What is needed: Begin at the line below that has "Best Buy: Lenovo IdeaPad S145 15.6" and stop after the line that has "VIDS 500 Watt". Please restate only those lines, word for word.

Task inputs:

"""

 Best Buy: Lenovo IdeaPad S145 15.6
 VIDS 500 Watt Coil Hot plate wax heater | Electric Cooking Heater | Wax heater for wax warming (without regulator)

"""
"""

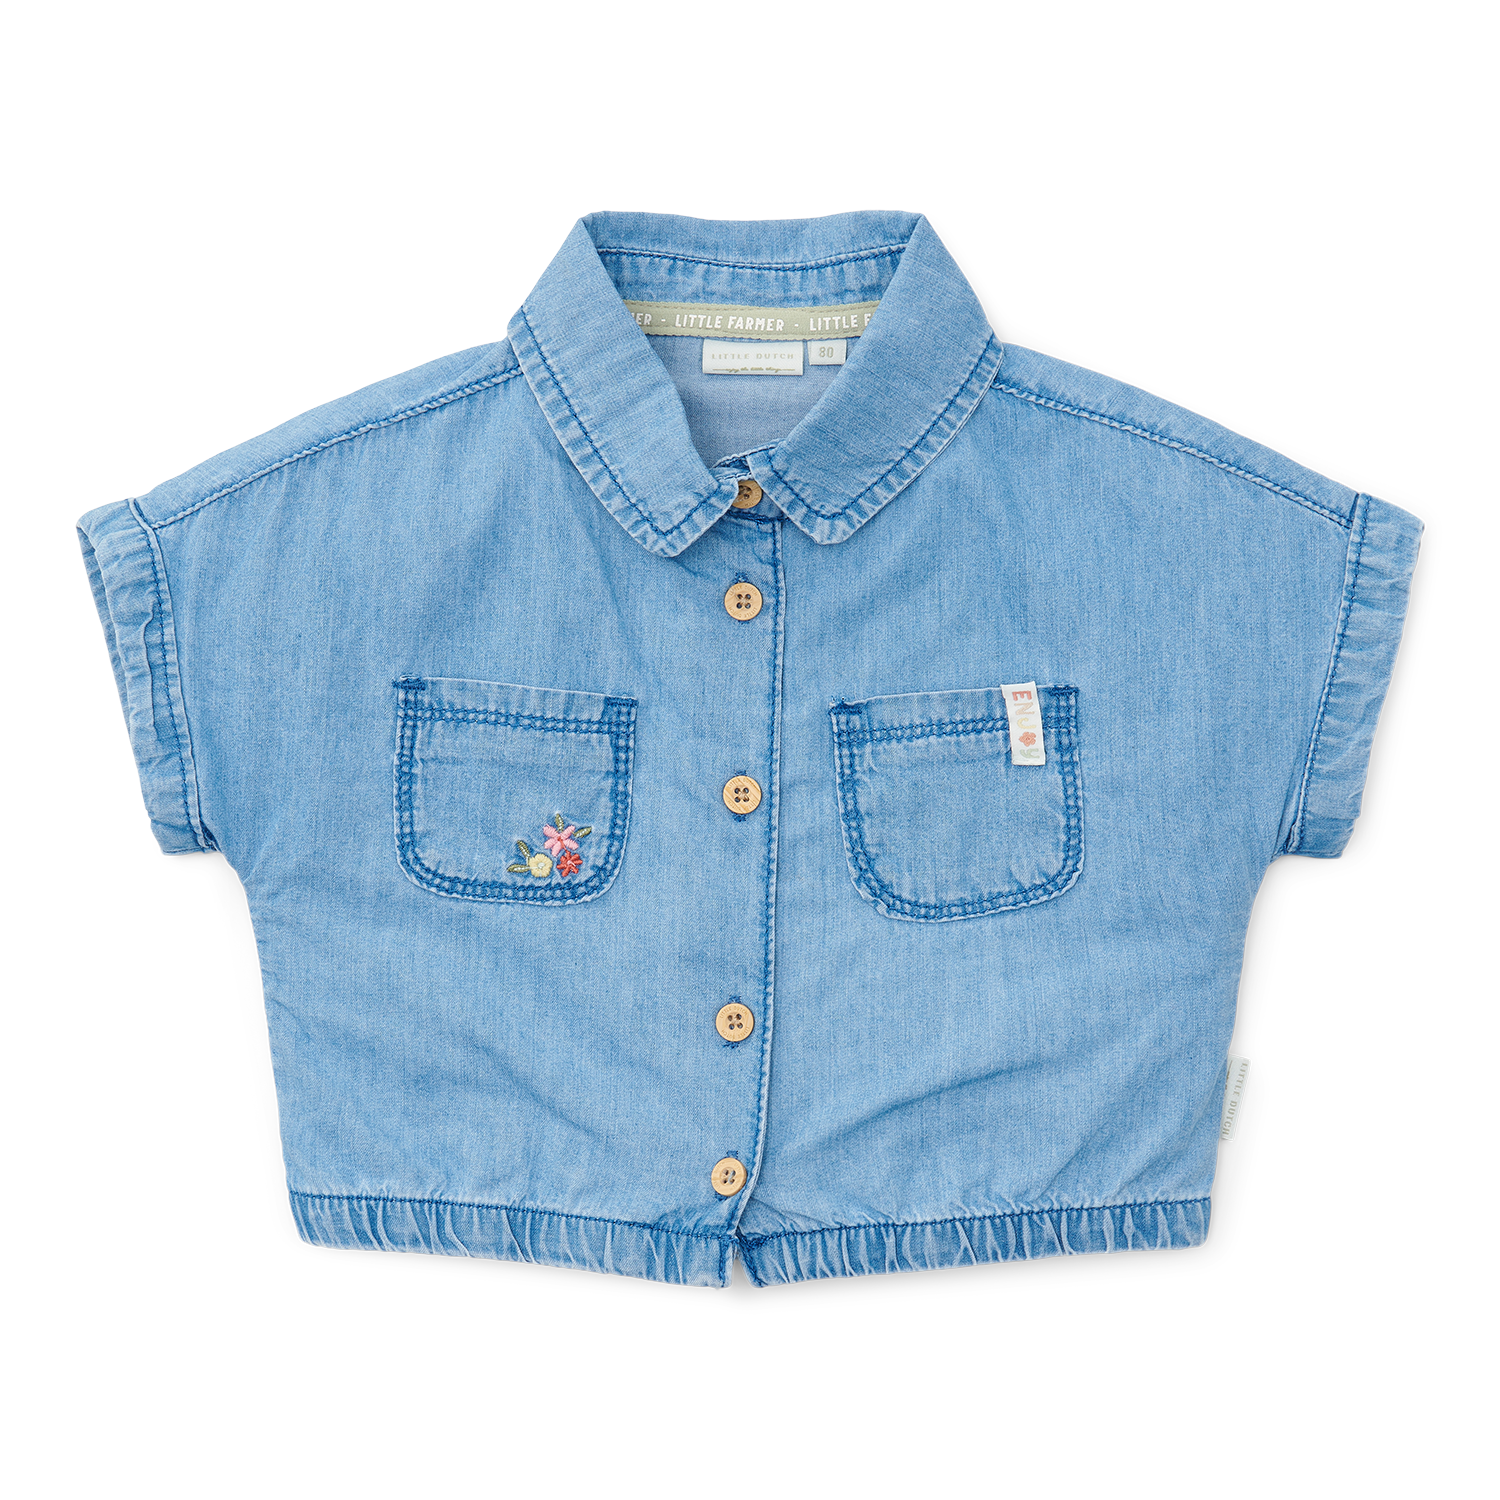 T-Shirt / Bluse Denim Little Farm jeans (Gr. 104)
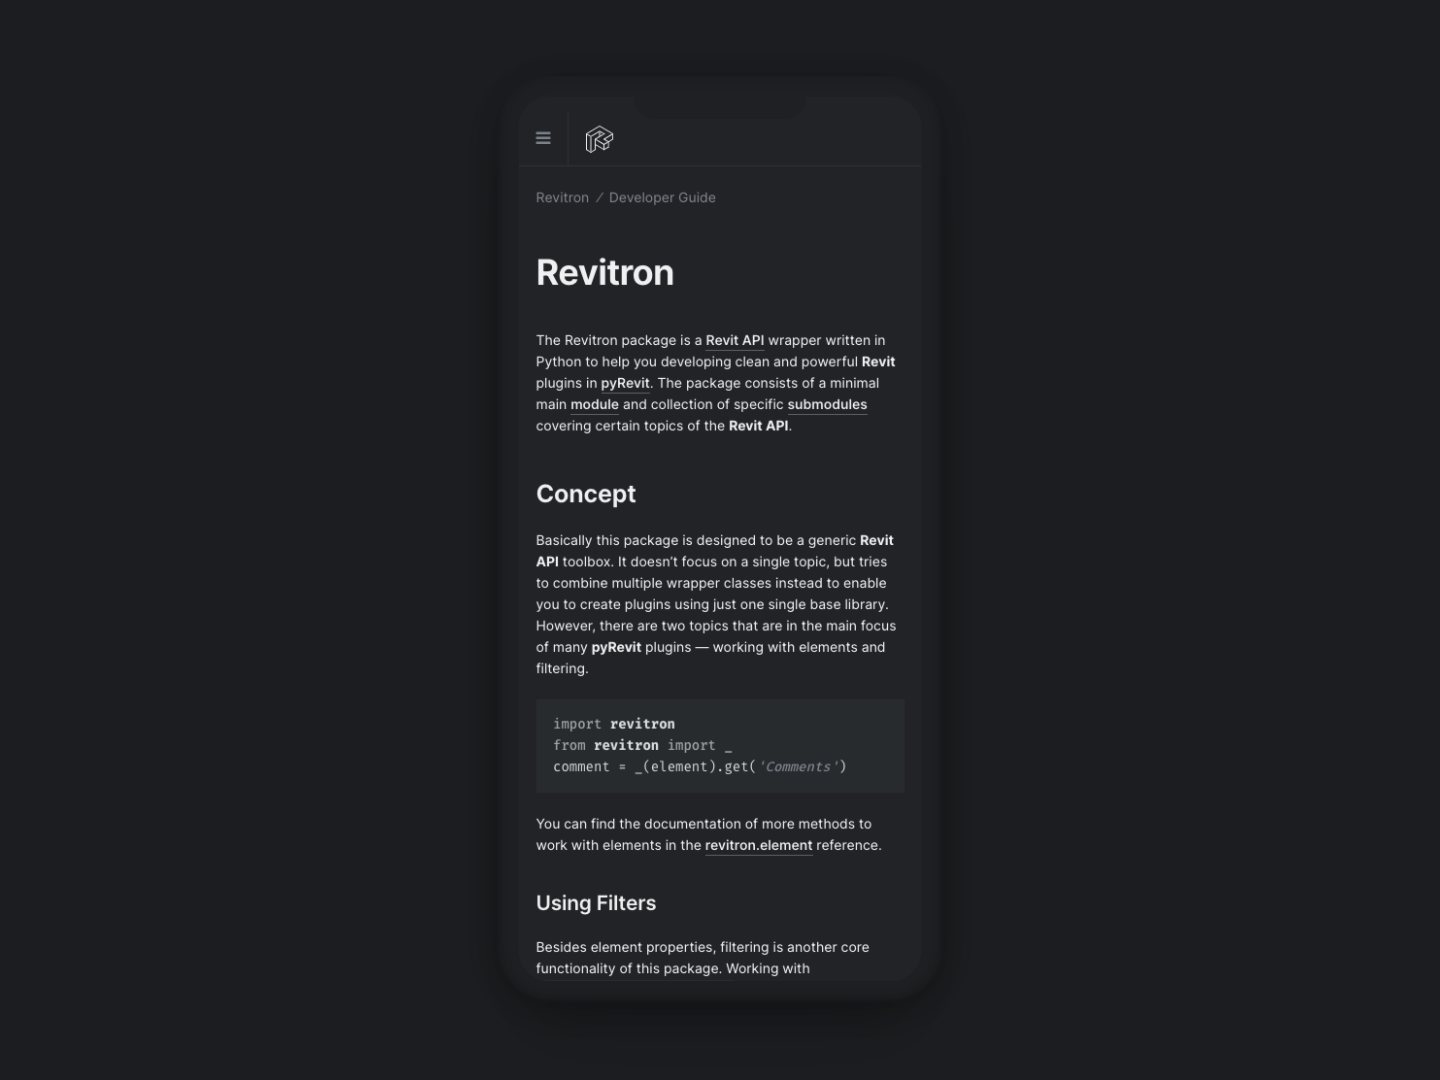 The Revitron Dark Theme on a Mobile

"""
"""

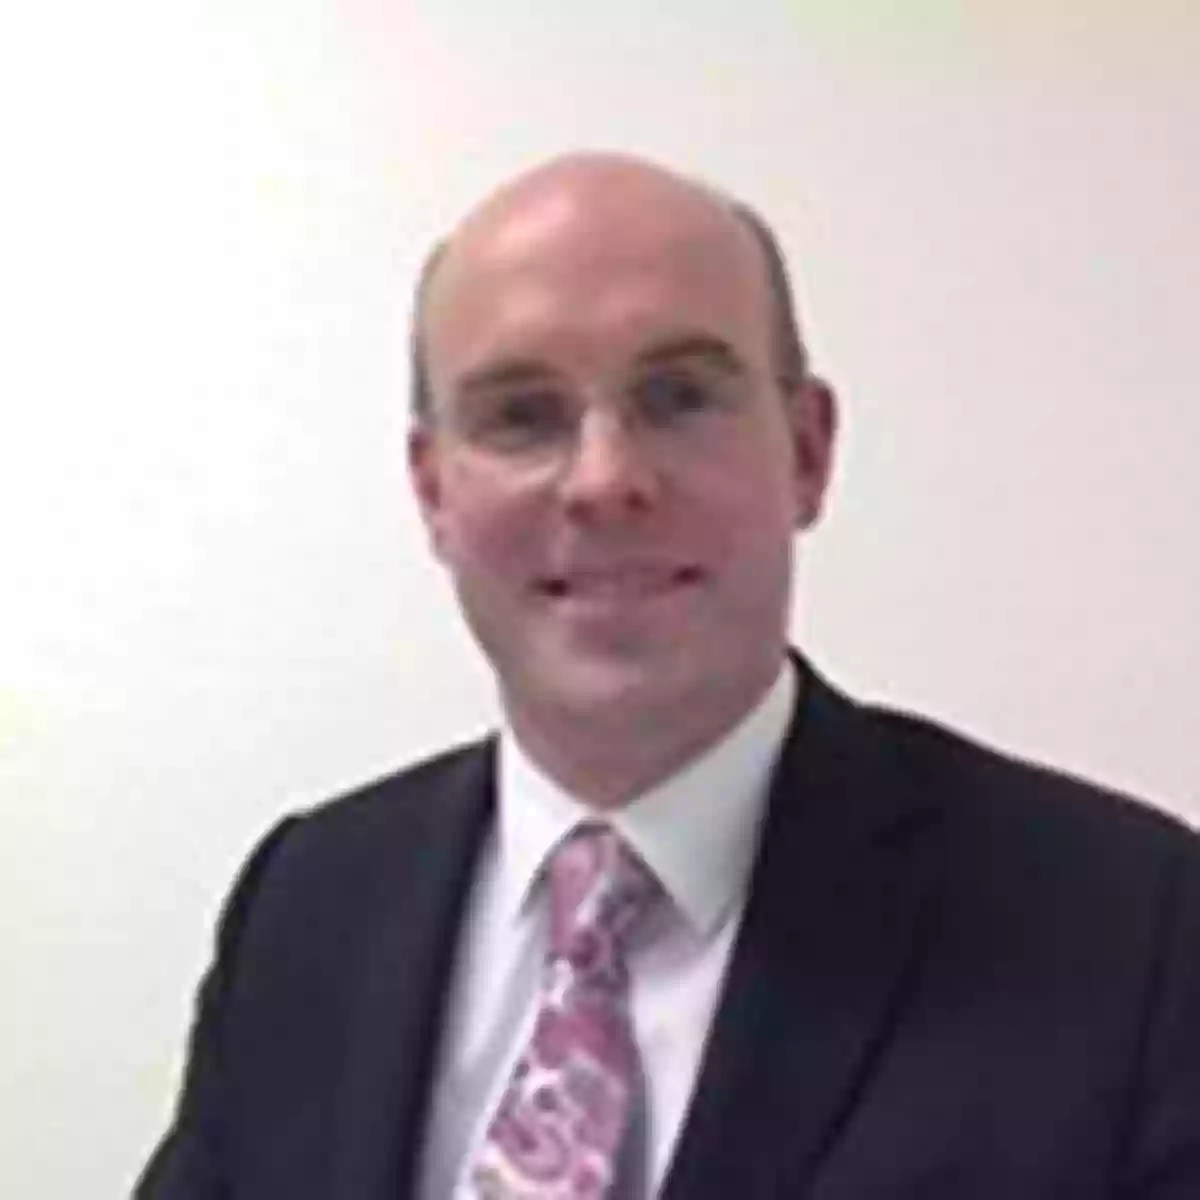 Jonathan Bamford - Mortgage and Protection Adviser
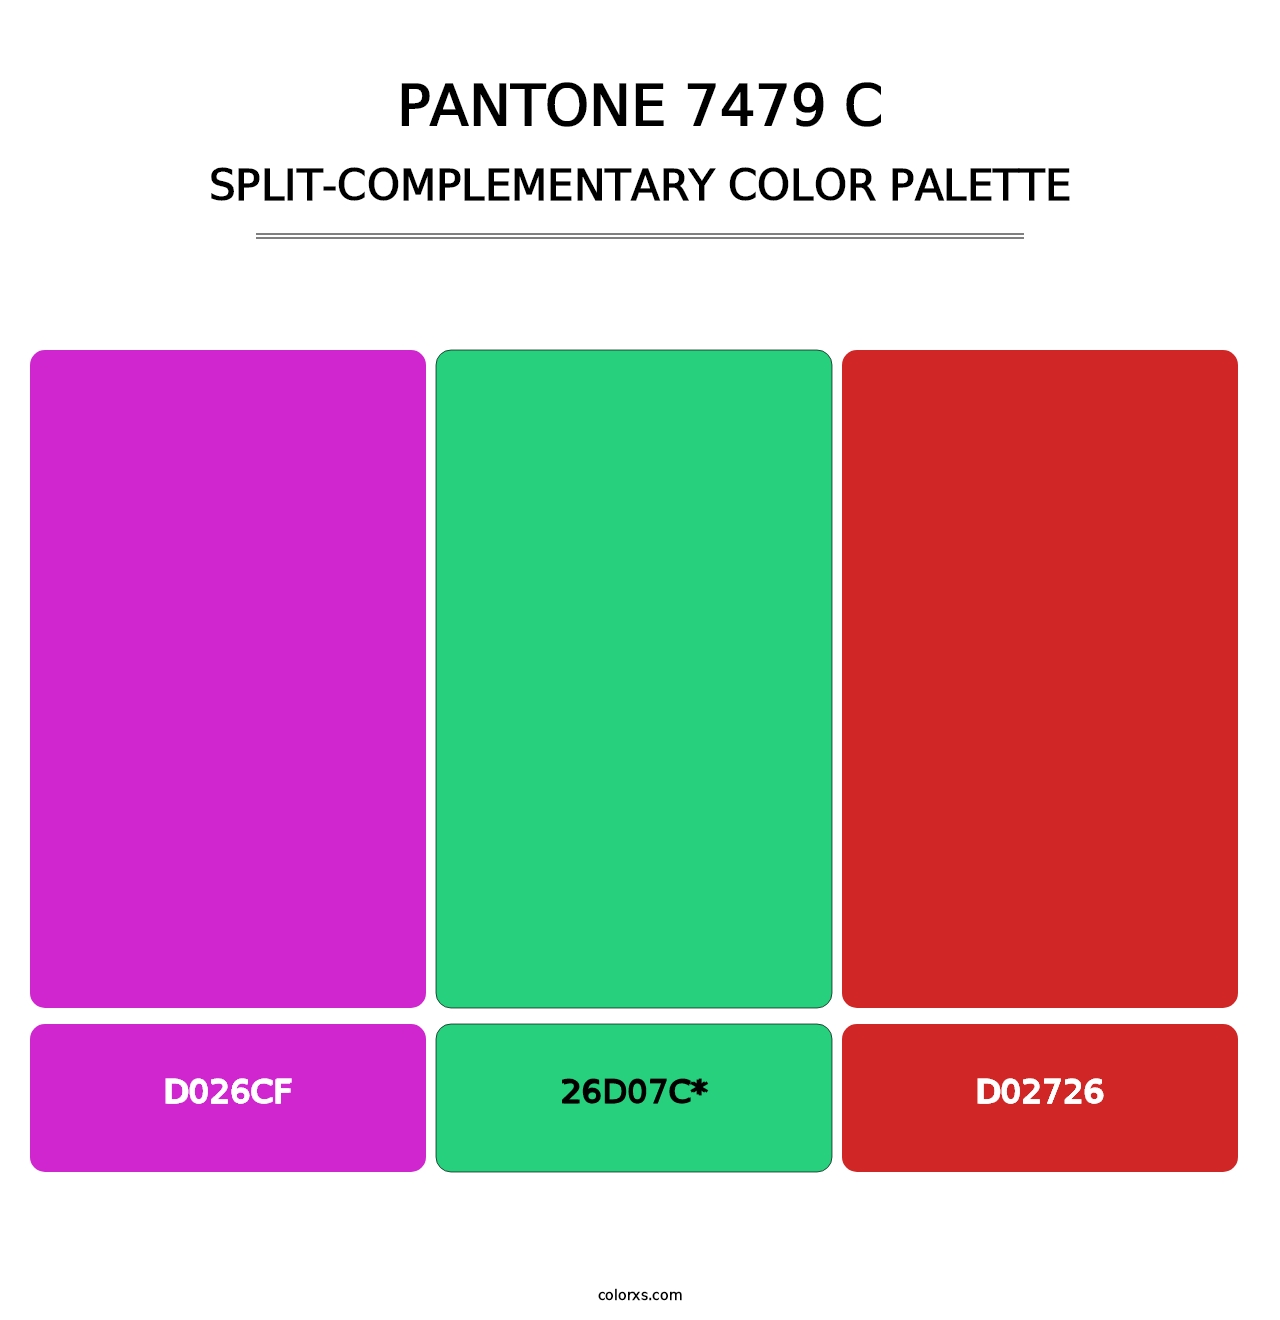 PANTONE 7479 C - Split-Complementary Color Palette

"""

Task solution:
 Best Buy: Lenovo IdeaPad S145 15.6
 VIDS 500 Watt Coil Hot plate wax heater | Electric Cooking Heater | Wax heater for wax warming (without regulator)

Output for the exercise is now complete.